> [ACTIVITY] Repeat the listing exactly. The images do not belong in the copy.

> [DATASET CONTENT]
──────────────────────────────
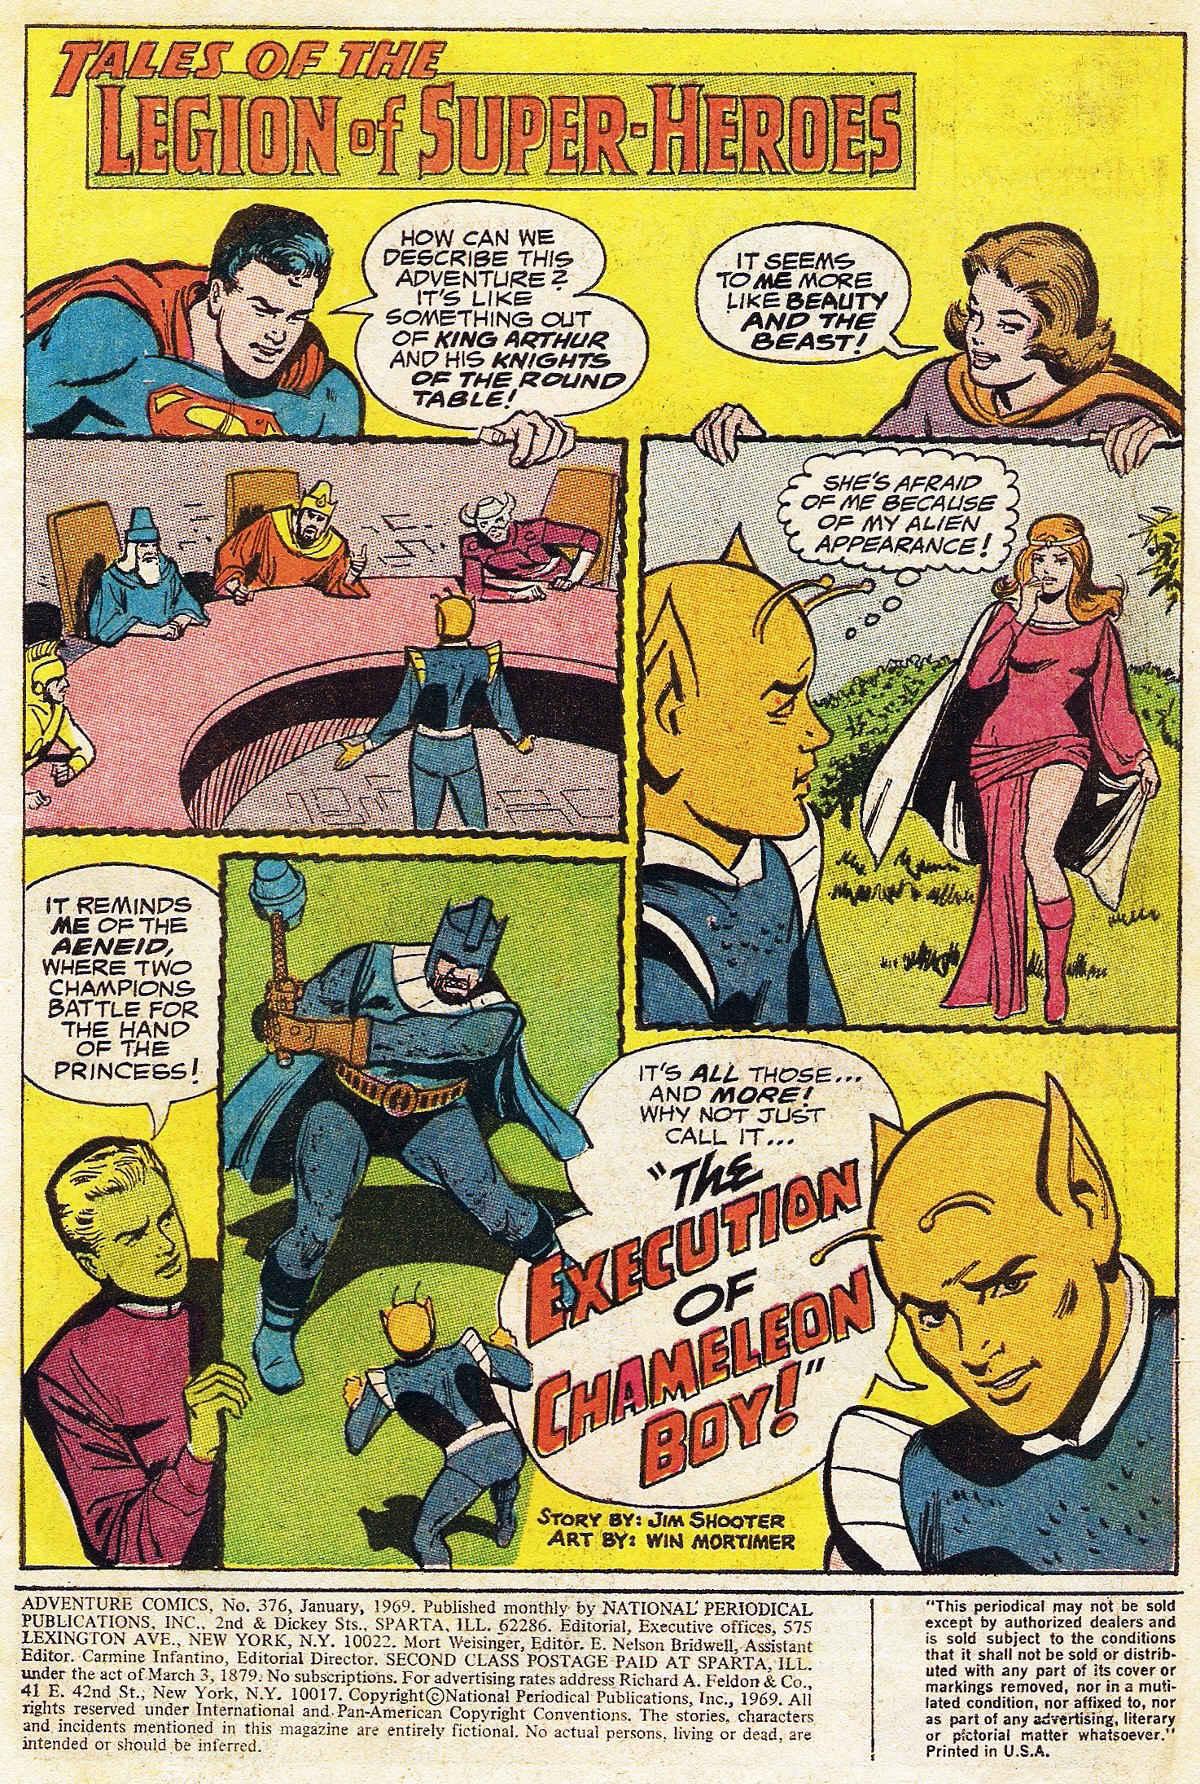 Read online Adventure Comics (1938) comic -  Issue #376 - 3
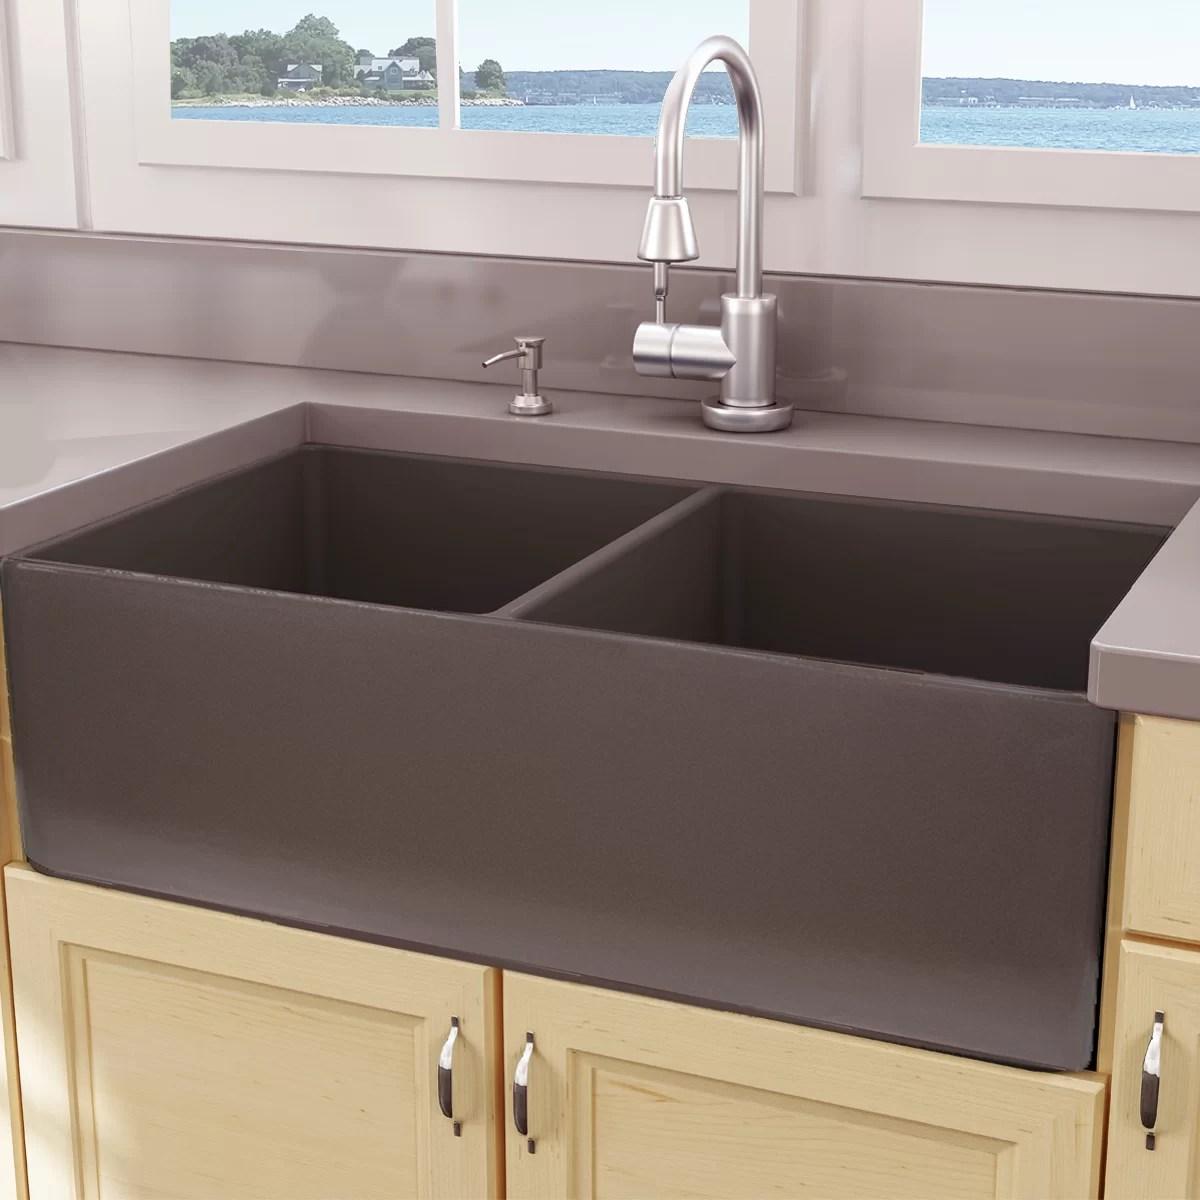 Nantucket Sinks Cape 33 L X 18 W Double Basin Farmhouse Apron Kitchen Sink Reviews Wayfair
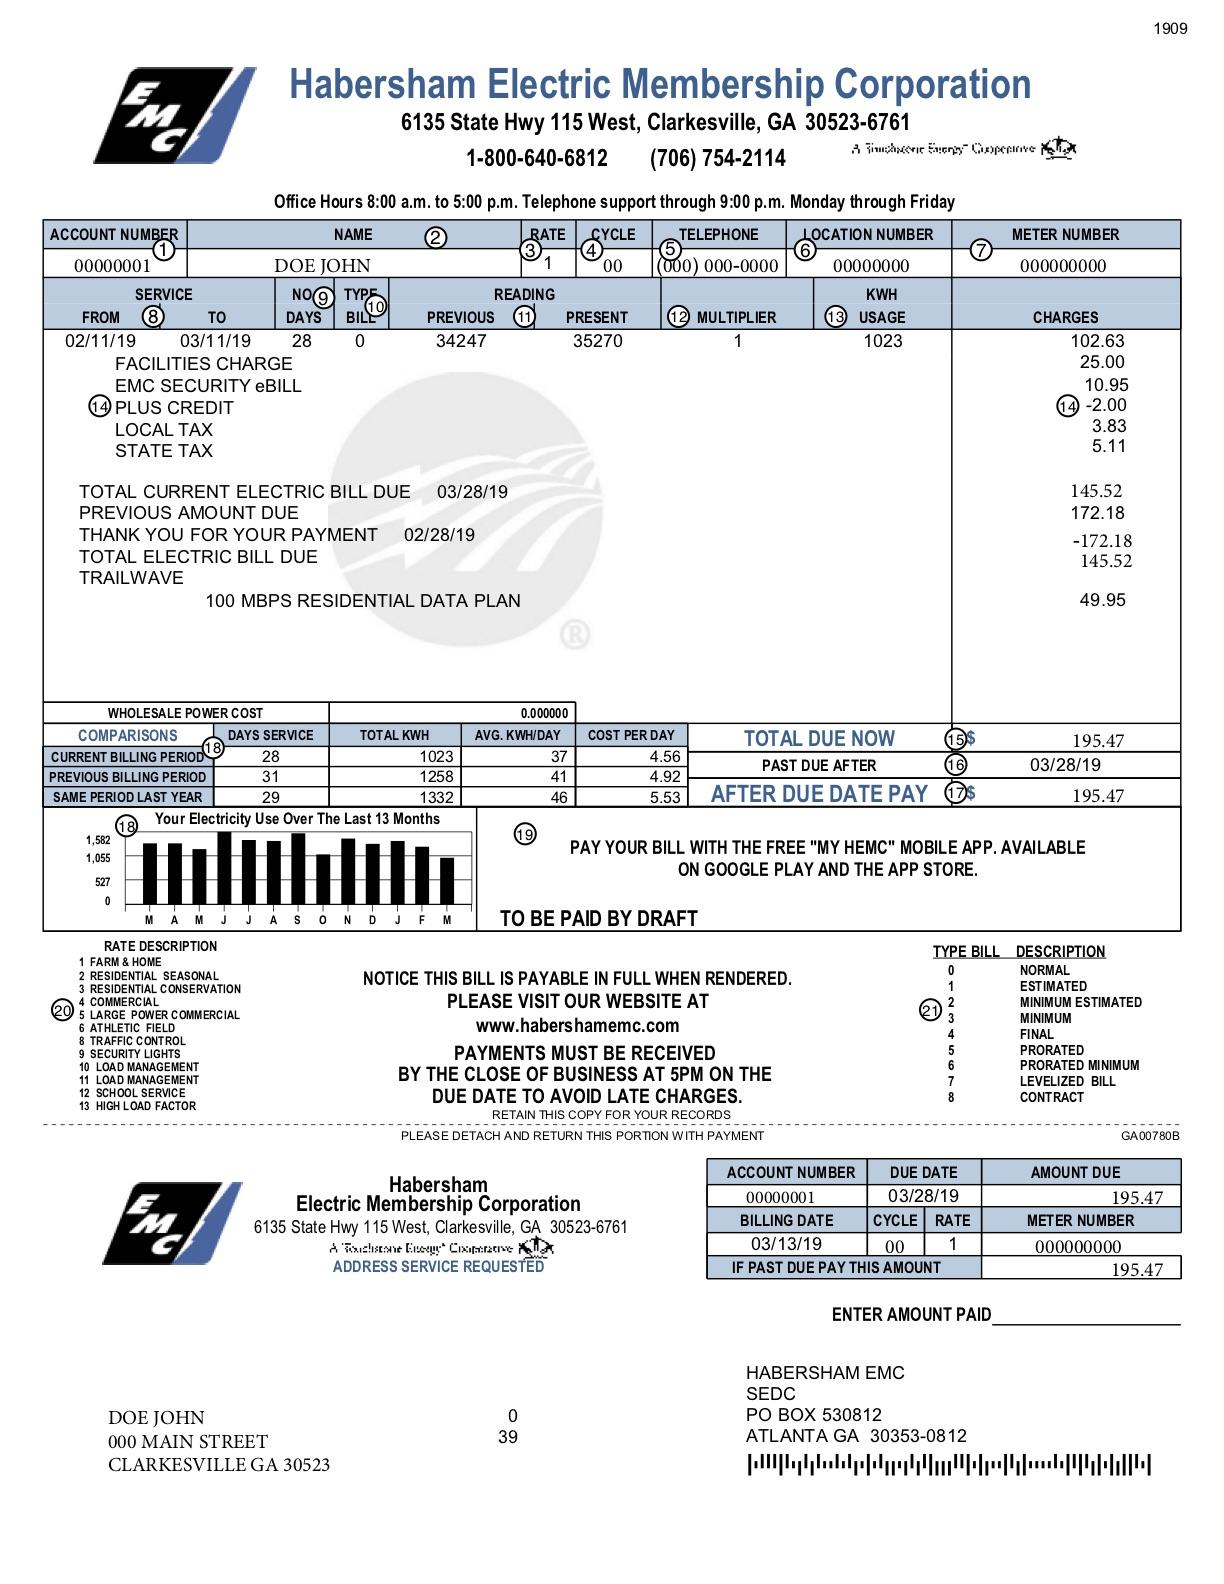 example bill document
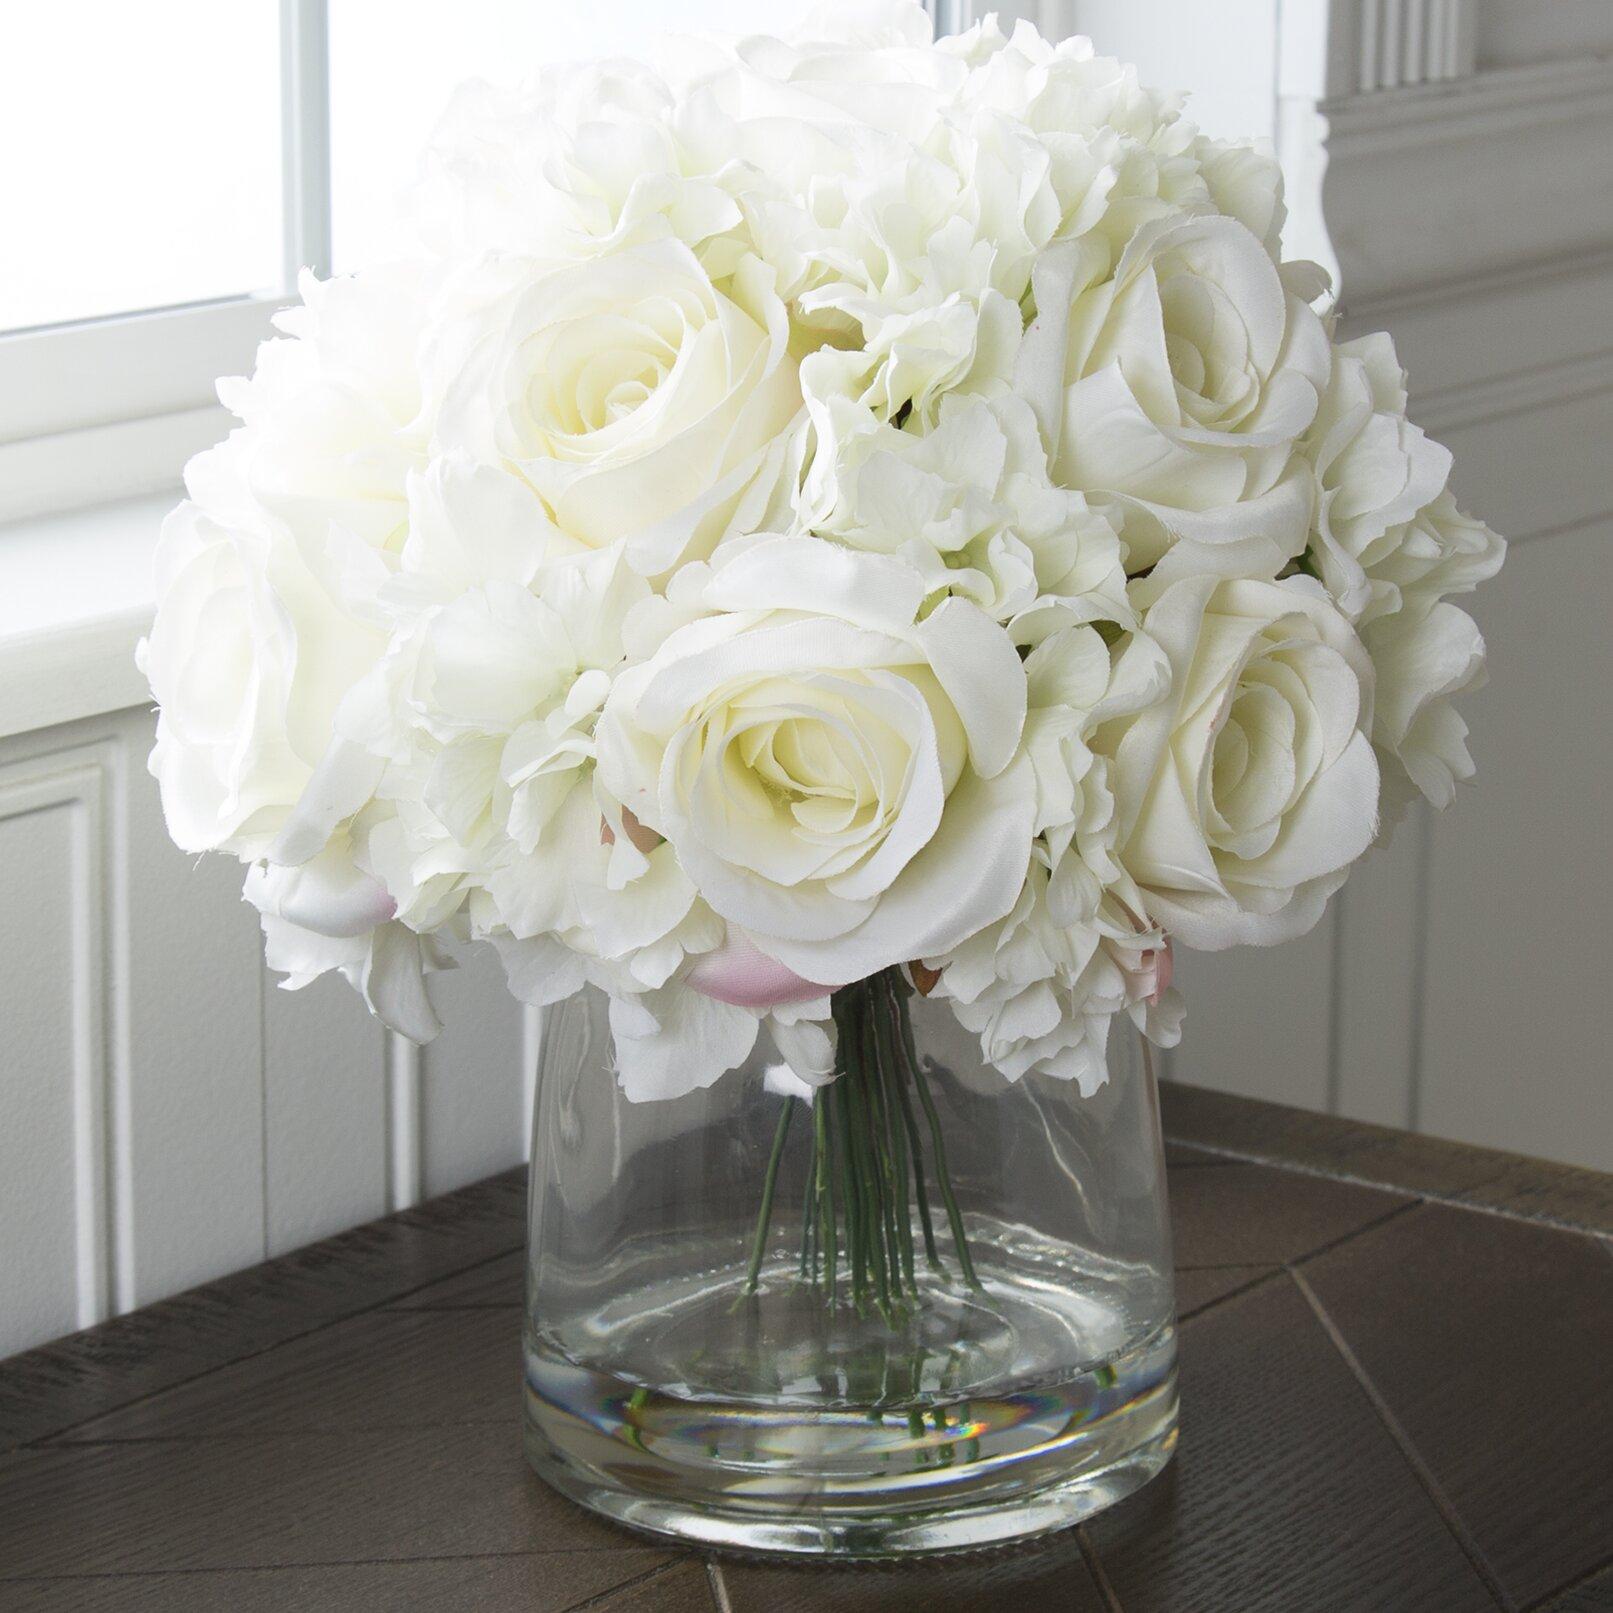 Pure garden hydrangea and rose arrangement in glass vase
──────────────────────────────
> [RESPONSE TO THIS EXERCISE]
 Read online Adventure Comics (1938) comic -  Issue #376 - 3
 Nantucket Sinks Cape 33 L X 18 W Double Basin Farmhouse Apron Kitchen Sink Reviews Wayfair
 example bill document
 Pure garden hydrangea and rose arrangement in glass vase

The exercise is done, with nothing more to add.